Boris Johnson once joked that he had “absolutely no convictions except one—and that was from a long time ago, for speeding.” He is the shape-shifting prime minister who is both left wing and right wing, liberal and illiberal—or, in the modern jargon, open and closed. His views morph as circumstances change to fit the politics that are most to his own advantage.
Now, after his election victory, he will be liberated to show his true colours. With a healthy parliamentary majority, some say he will be free to present a softer side and see off the Tory hardliners, others that he will no longer be constrained by a desire to appease soggy centrists. So just how right-wing is Boris Johnson?
Certainly he is happy to play the right-wing populist card when it suits him, claiming shortly before the general election, for example, that EU migrants had been able to “treat the UK as if it’s part of their own country” for too long. It was less a dog whistle than a foghorn by a leader who had already set out to neutralise Nigel Farage by pledging to rule out an extension to the Brexit transition period.
As a journalist Johnson often pandered to a right-wing Daily Telegraph and Spectator readership, with a series of now-infamous columns comparing Muslim women who wear the burka to “letter boxes” and claiming that the children of single mothers were “ill-raised, ignorant, aggressive and illegitimate.” During the Tory leadership contest he promised to slash taxes for the rich—although he backed away from the plan in an attempt to avoid alienating poorer voters at the election.
He has shown little interest in helping those who rely on benefits and has so far refused to unfreeze the Local Housing Allowance, which has driven many families into homelessness and temporary accommodation. He appointed as home secretary a hardliner who had previously supported the death penalty and his cabinet is packed with the authors of Britannia Unchained, a libertarian tract that condemned British workers as “idlers.” It was also revealed this week that Tim Montgomerie, Johnson’s adviser on social justice until the election, suggested last month that he wanted to forge a “special relationship” with Viktor Orbán’s Hungary, added that Johnson and the authoritarian Orbán shared a populist agenda and praised Hungary’s “interesting early thinking” on the “limits of liberalism.”
Under Johnson, the Tories have effectively turned into an English nationalist party, but it is too simplistic to pigeon-hole him as a traditional rightwinger. He has pledged to end austerity and pour billions into the NHS, schools and infrastructure. As London mayor, he was consistently liberal on immigration, he proved his commitment to gay rights by attending the Pride march in a pink Stetson and he also campaigned for the introduction of a living wage.

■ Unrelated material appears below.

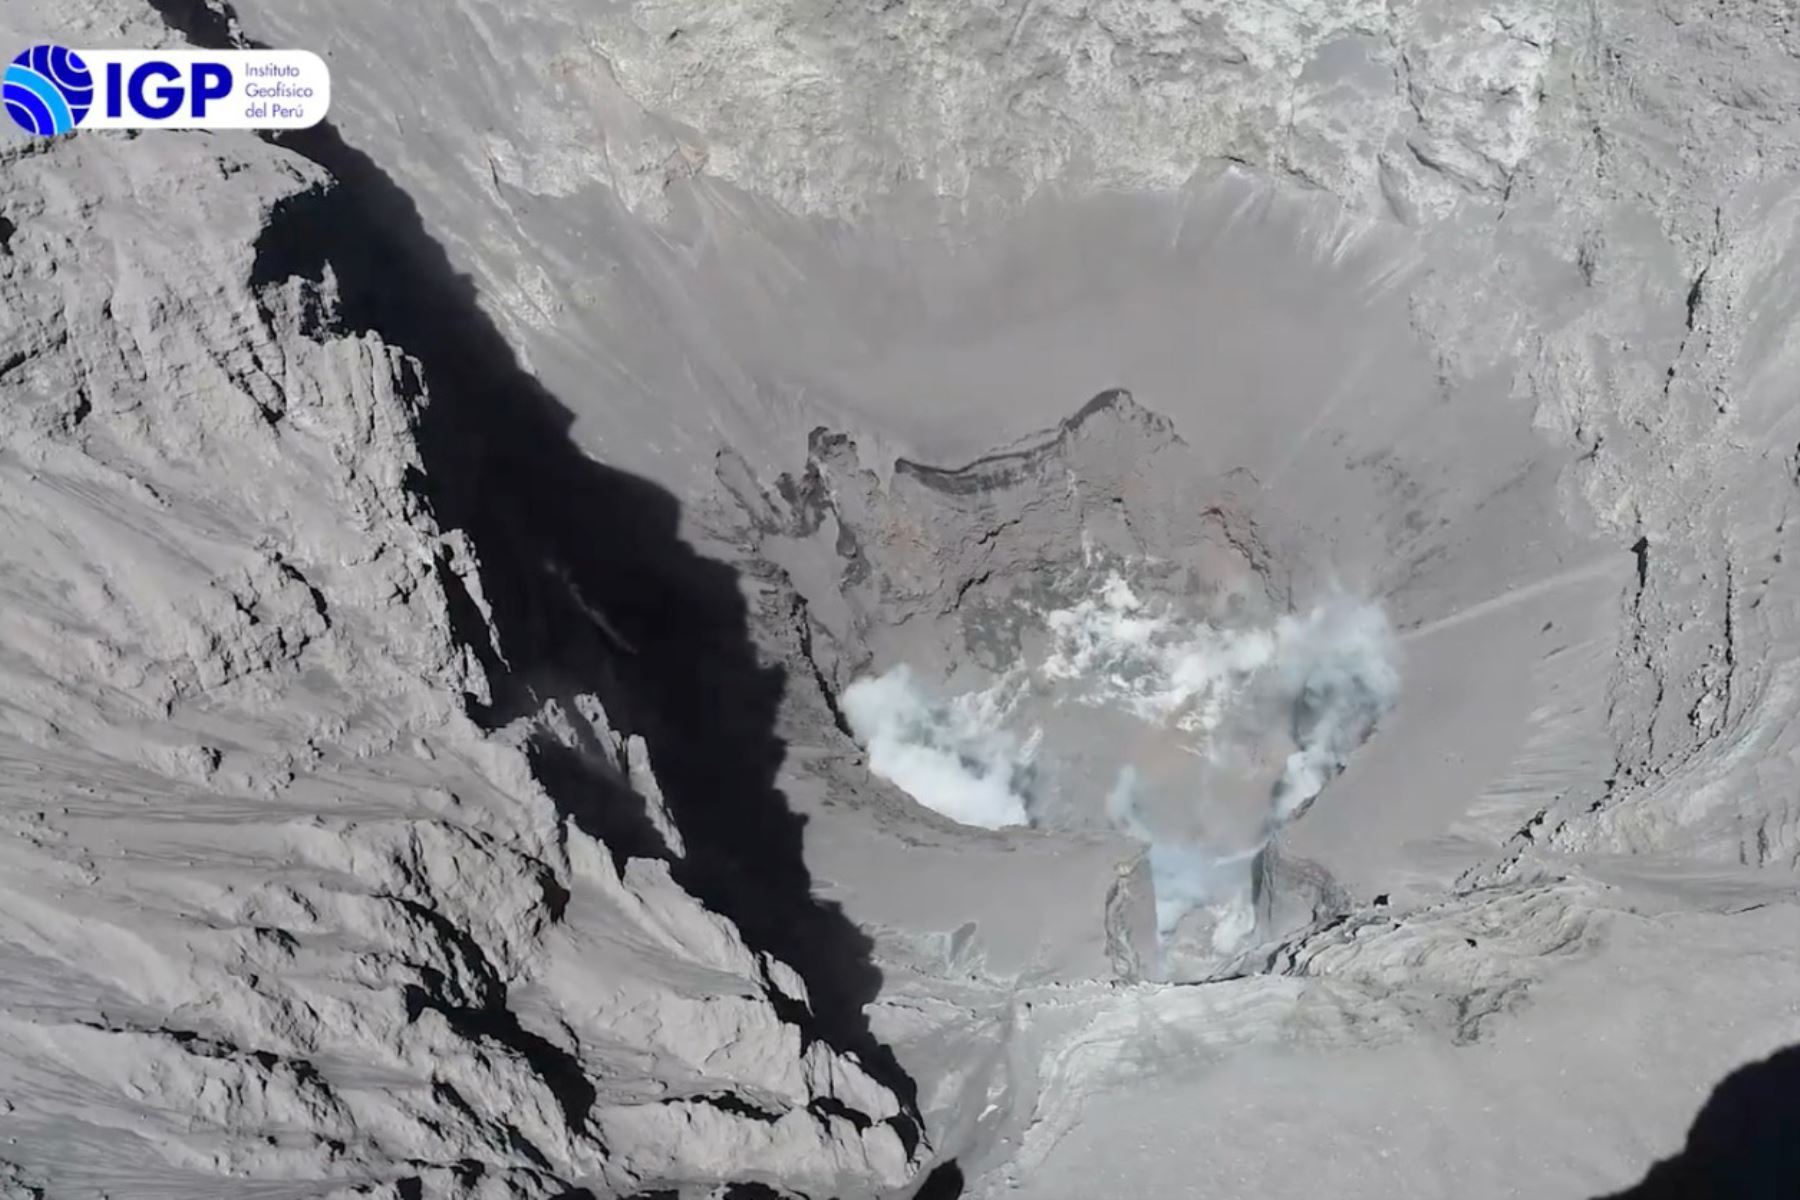 Dron del IGP sobrevuela el volcán Ubinas y obtiene imágenes inéditas de su cráter. Foto: ANDINA/Archivo

Far from wanting to emulate Margaret Thatcher, he sees himself as a “One Nation” Tory, a “Brexity Hezza” as he once put it to the fury of the pro-European former deputy prime minister. He once told me in an interview for the Times that the Conservatives “should be the warriors of the dispossessed, the champions of the poor and the liberators of the disadvantaged. We should be the human battering rams breaking down doors for people who need someone to help them.” He railed against inequality, insisting it was “absolutely shameful that we have a situation in which companies whose boardroom members are remunerated in ever more dazzling style are paying their staff on the shop floor so little that they’re being topped up every week by benefit handouts.” It was not quite the message he was putting out during one of the Conservative leadership hustings last year when he boasted: “Can you think of anybody who stuck up for the bankers as much as I did? I defended them day in, day out, from those who frankly wanted to hang them from the nearest lamppost.”
The truth is that Johnson blows with the wind. He will do what it takes to win, or to keep, power and adjust his opinions to suit. Like Groucho Marx, his real position is: “These are my principles and if you don’t like them... well I have others.” That makes him open to manipulation, or persuasion by those around him, and also vulnerable to the impact of external events.
Where he ends up on the political spectrum as prime minister will depend on the balance of pressures he faces. During the trade talks with Brussels he will be urged by Tory right-wingers to diverge as much as possible from European rules and regulations to make it easier to secure a trade deal with America. That would, though, mean watering down the consumer protections and workers’ rights that are cherished by the Conservatives’ new voters in the north and the midlands.
It is unclear which side Johnson will take but it will be a political, rather than an ideological, calculation. His instincts may be those of Islington man, but he also needs to keep on side the residents of Workington. The cabinet reshuffle that he is planning for February will give a clue to the direction he wants the government to take but he will also be buffeted by external forces.
Ultimately Boris Unchained will have to take responsibility for the decisions he makes—freed from the constraints of a hung parliament, he will not be able to blame the MPs for forcing his hand.
In his biography of Winston Churchill, Johnson writes: “The beauty and riddle in studying the motives of any politician is in trying to decide what is idealism and what is self-interest; and often we are left to conclude that the answer is a mixture of the two.” In the prime minister’s case the there is an abundance of the latter. How much of the former there really is remains to be seen.